We evaluated the applicability of synthetic data in a scenario where Institution A seeks to collaborate with Institution B to increase the performance of a neural network without sharing any original data. To this end, we generated 2000 synthetic breast MR images using the diffusion model trained on the DUKE dataset. Since the diffusion model outputs the synthetic images without any ground truth labels, we used the synthetic images to pre-train a Swin UNETR23 in a self-supervised fashion. We then finetuned the pre-trained network with the available segmentation data, i.e., the breast MRI studies and the corresponding manual segmentation outlines from Institution B to segment the breast in the MRI studies. To systematically investigate the performance in a limited-data setting, we performed multiple training runs in which we used an increasing portion of the available training data from Institution B, i.e., 5%, 10%, 20%, 40%, 80%, and 100%. For comparison, we trained the same neural network to perform the identical task when no pre-training with synthetic data was performed. Our findings indicate that pre-training with synthetic data from a different institution can substantially improve the segmentation performance, as measured by the Dice similarity coefficient. This improvement became evident in settings where the labeled training data was limited, i.e., Dice similarity coefficients of 0.91 without pre-training and 0.95 with pre-training at 5% available data (Figs. 4 and 5).

Figure 4.

Figure 4

Comparison of the performance of the Swin UNETR in terms of the Dice score for breast segmentation when supplied with synthetic image data (n = 2000) during a self-supervised pre-training setting (“With pre-training”) and when no pre-training (“No pre-training”) is performed. After the optional self-supervised pre-training step, the model is finetuned with 5%, 10%, 20%, 40%, 80%, or 100% of the available internal data with corresponding breast segmentation outlines used as the ground truth (n = 200). We find that the synthetic data generated using a dataset of another institution can substantially improve the Dice score on the internal dataset when only limited data are available for training. Error bars show the standard deviation extracted through bootstrapping (n = 1000).

Figure 5.

Figure 5

Visualization of the breast segmentation performance for six different studies (rows). The first two columns show the original MR image and the ground truth segmentation of the breast. The third column shows the segmentation of the Swin UNETR neural network when only 5% of the available data from the internal dataset is used during training. The fourth column shows the segmentation of the Swin UNETR when pre-trained in a self-supervised approach using 2000 synthetic images generated using a dataset from another institution and finetuned based on only 5% of the available data from the internal dataset. Green areas denote correctly segmented areas.
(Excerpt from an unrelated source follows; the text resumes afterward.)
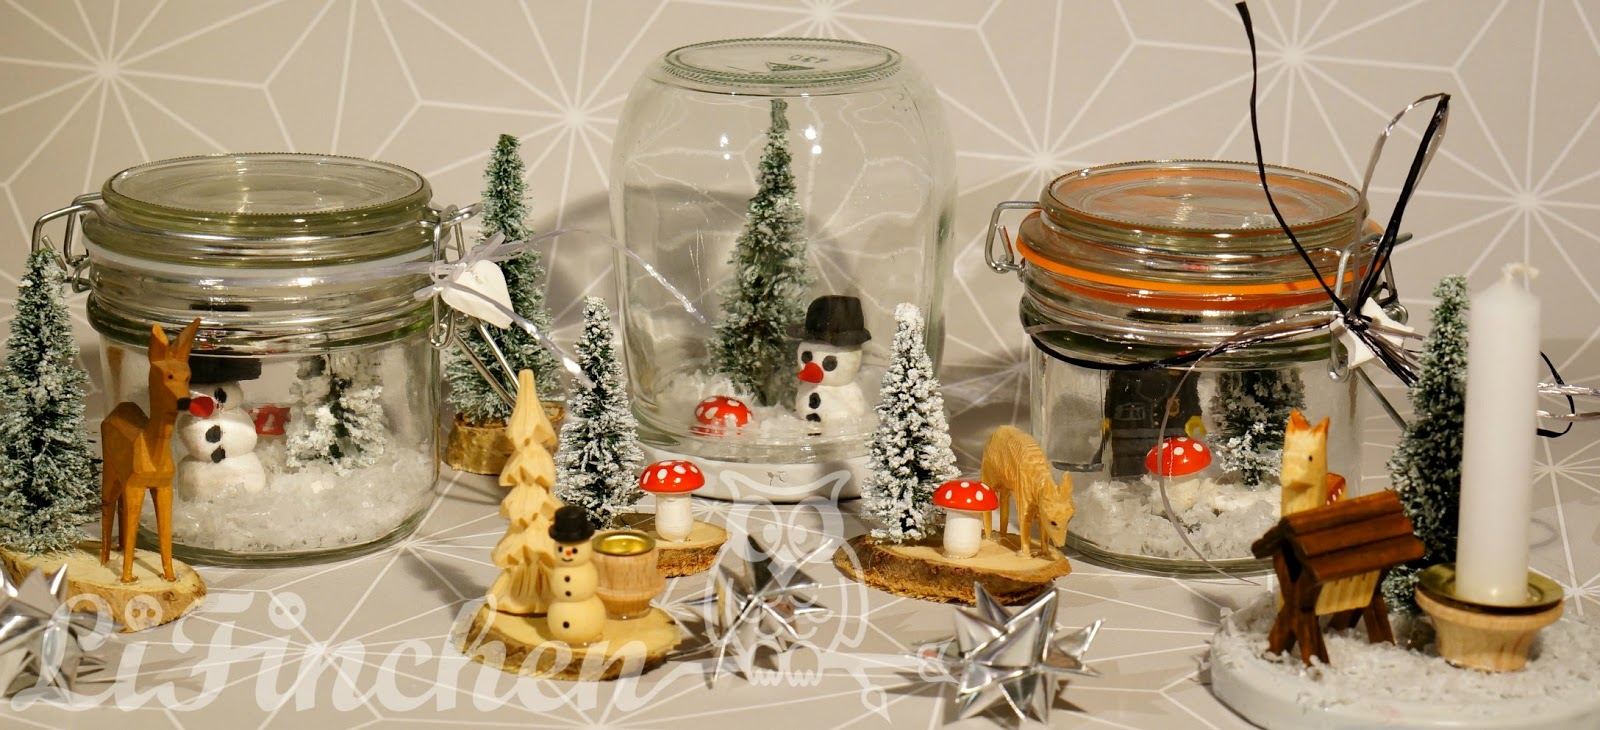 lifinchen winterlandschaft im glas. Black Bedroom Furniture Sets. Home Design Ideas
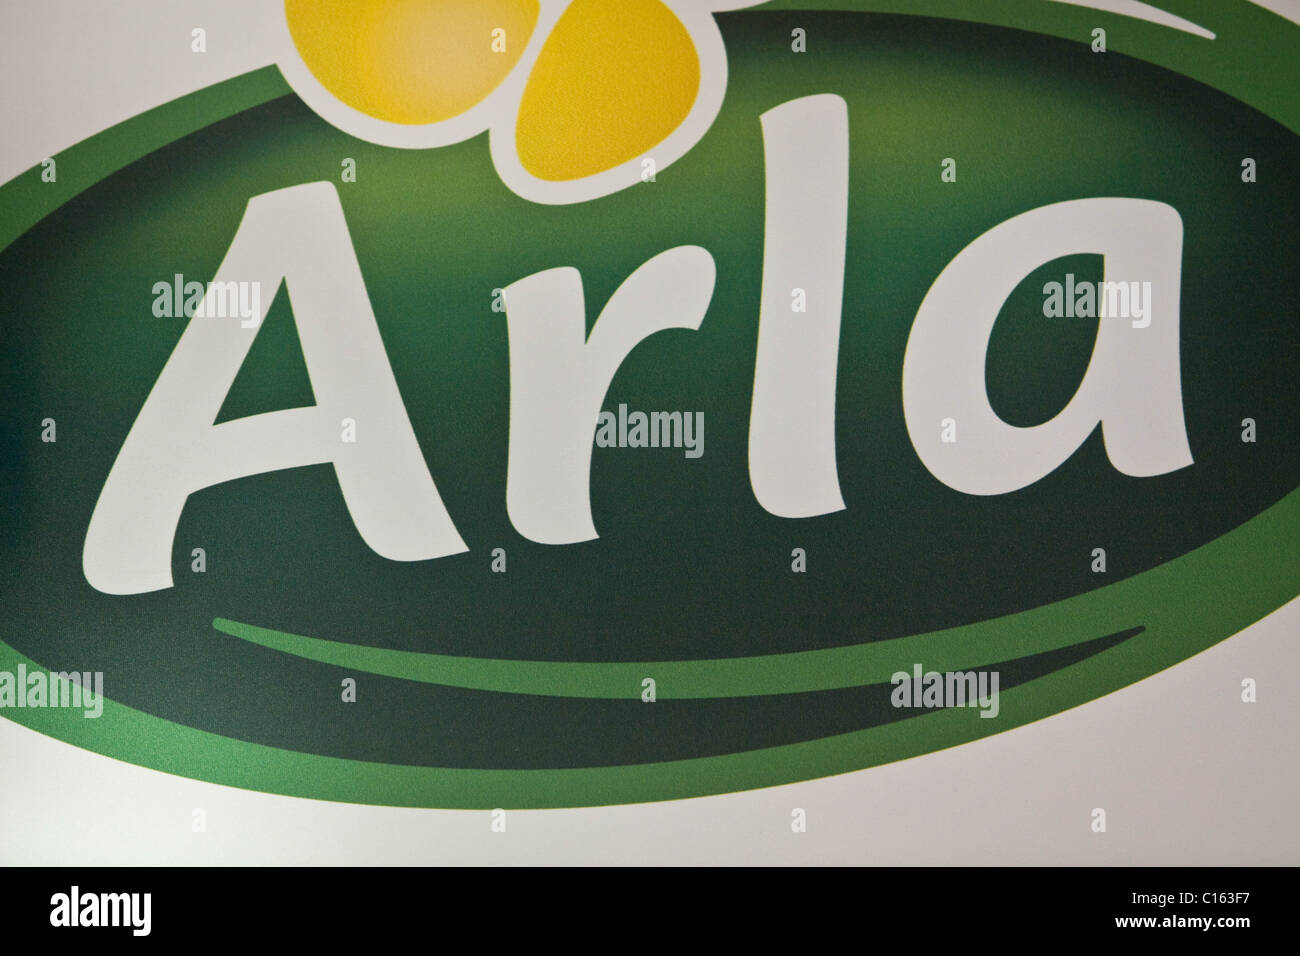 Arla Foods Milk Partnership - Stock Image

In contrast, red areas denote deviations from the ground truth.

Discussion

As the quality of generative models continues to increase in the non-medical domain, the synthesis of medical data becomes an attainable goal with potential applications in education, data anonymization, data augmentation, and the development of new DL algorithms2,11. Diffusion models, in particular, have demonstrated the potential to match human-level performance in image generation8,9.

This study presents the first large-scale evaluation of a latent diffusion model applied to MRI and CT data. Such models can generate realistic 3D data that is consistent in its synthetization of continuous 3D structures and capable of accurately reflecting human anatomy. Our findings reveal that our models can achieve robust convergence during training, even when using comparatively small datasets of approximately 1000 sample studies.

In contrast, GANs usually require extensive hyperparameter tuning and large datasets for successful training. GANs often do not converge during training or suffer from mode collapse6—a phenomenon we did not observe for our latent diffusion model. More importantly, even if GANs can be trained successfully, our diffusion model can more accurately encompass the diversity of medical images. This finding is particularly relevant for using synthesized images to develop AI models. We showcase a potential medical application of latent diffusion models by utilizing synthesized data to pre-train a segmentation model for human breast MRI studies and show that such pre-training can enhance the robustness of the segmentation models.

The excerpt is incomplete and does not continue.